Many task transfers during reshaping/rechunking of array

Hi everyone.

I’m usign Dask to scale an ML processing on multispectral images over large areas.
In the first step, there is a dataset preparation:
through ODC (Open Data Cube features are retrieved as a Xarray Dataset, reshaped in a 2D Dask Array, then rows with NaNs in any of feature are discarded and aligned with the ground truth stored in a 1D Dask Array. Finally both array are saved to disk through .to_zarr().

Because of row discarding, the DaskArray will become in an irregular chunk-size and in order to save it as ZARR, a rechunking is required.

During the above operations of rechunking and reshaping, on the Dashboard I see many red highlights and so a really poor efficiency, as in picture.

How Can I avoid, or mitigate, this issue? Could the ‘Work Stealing’ be related?
Furthermore, Why this process tends to accumulate unmanaged memory?

Hi @matteosimone,

Unfortunately, there is probably no easy way to avoid this.

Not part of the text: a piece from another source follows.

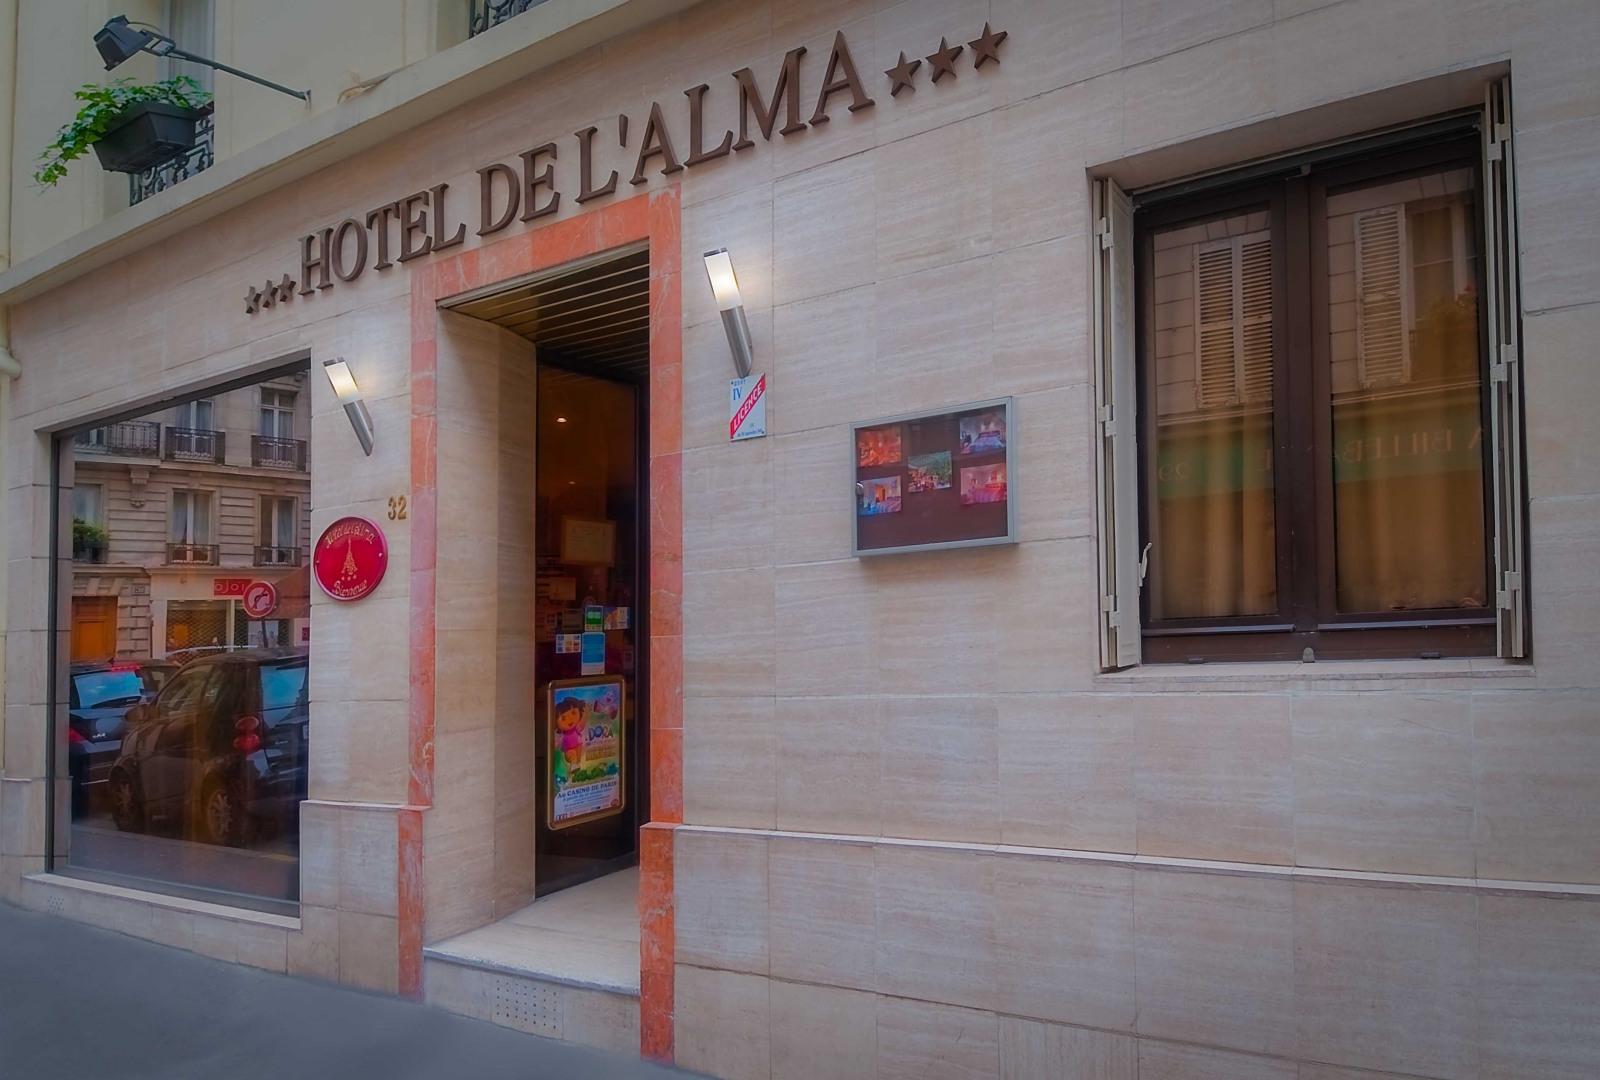 Hôtel de l'Alma - ホテル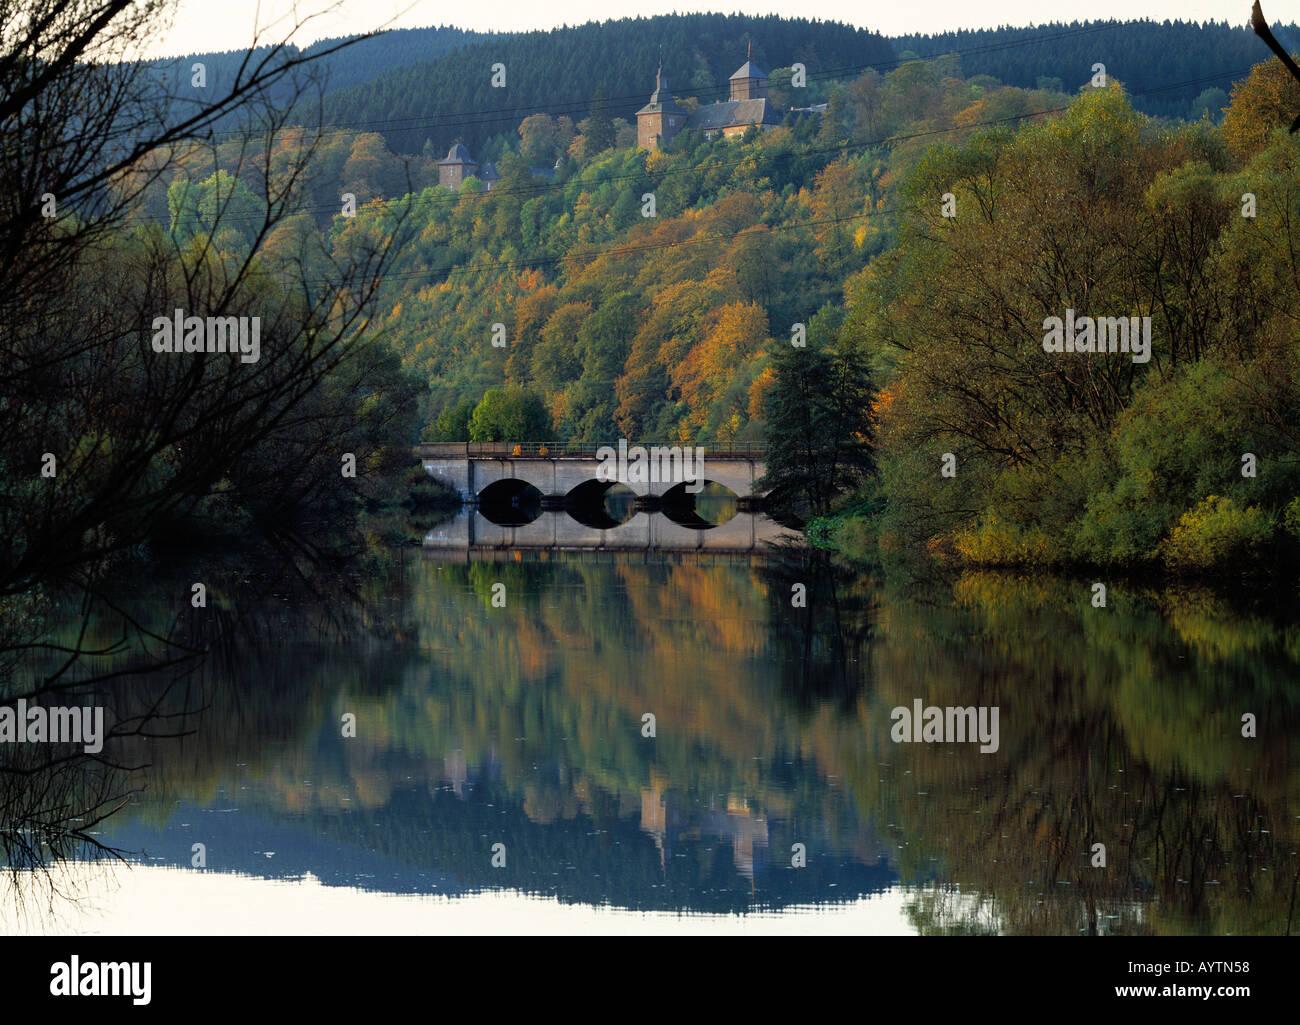 Biggelandschaft mit Schloss Schnellenberg im Herbst, Attendorn, Naturpark Ebbegebirge, Sauerland, Nordrhein-Westfalen Stock Photo

Rechunking is by essence an operation that triggers a lot of data exchange between workers (the red bars you see). Every worker must send part of several chunks to a final worker which will hold it. This must be especially true with irregular chunks.
It also tends to accumulate memory because a lot of temporary storage is needed into memory.

Does you algorithm discard a lot of rows? One solution could be to write all the data, even rows with NaNs, and just filter upon reading.
You can also try to use a large chunk size for writing, so that less exchange between random workers occur.